Raven populations in Scotland are in a 'healthy' condition despite a cull by farmers in a bid to protect livestock, in particular lambs.
The report, published by Scottish Natural Heritage (SNH), was commissioned to ensure the number of licences issued to control ravens won’t affect the population in the long term.
Licences are issued out to control ravens when they are causing serious damage to livestock, particularly lambs.
There has been an increase in the Scottish raven population of over 50% over the past 20 years, with Scotland holding the majority of the UK raven population.
Last year, the National Sheep Association (NSA) received reports of very high losses due to ravens, including flocks in Scotland where 50 to 100 lambs have been killed.
Robbie Kernahan, SNH’s Head of Wildlife Management, said: “It’s our job to encourage healthy populations of native species as well as support rural businesses.
“Ravens can cause serious damage to livestock, particularly lambs. Where this is a serious problem, and there is no other solution, we issue licences for farmers to shoot and scare the birds.
“This research shows that the number of ravens killed under licence won’t put the Scottish population at risk. However, we will continue to monitor so we can adjust licence numbers when we need to.”

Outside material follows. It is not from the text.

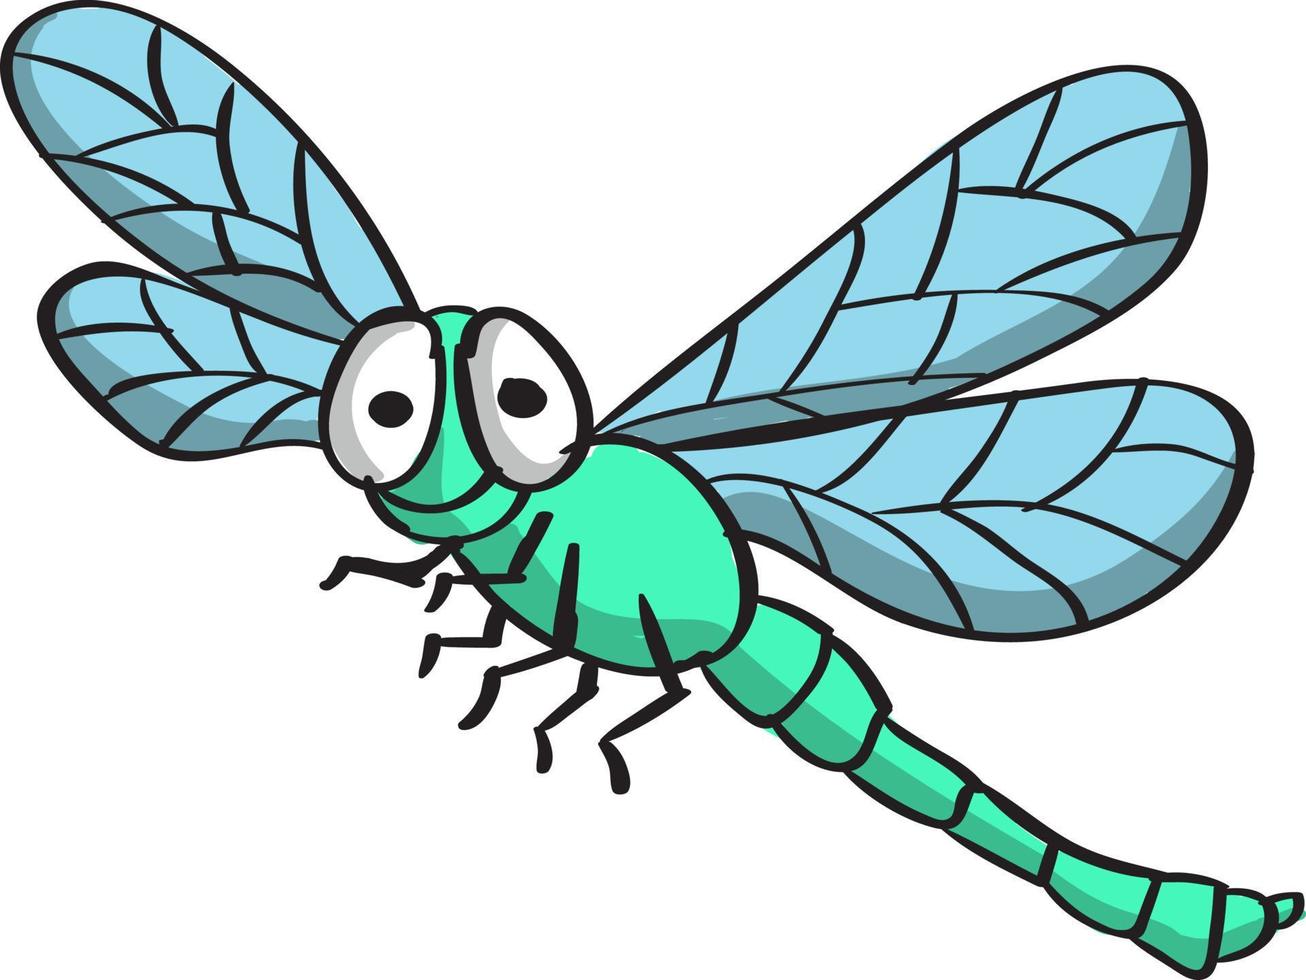 Dragonfly, illustration, vector on white background.

Andrew Midgley, Environment and Land Use Policy Manager at NFU Scotland said: “The licencing system provides a very important mechanism through which farmers can seek to prevent wildlife, which is legally protected, from causing serious agricultural damage.
“Farmers apply to SNH for a licence to deal with a problem and it is for SNH to make decisions about granting licences on the basis of its knowledge of the population and species ecology. It is therefore vital that SNH has up-to-date population information.”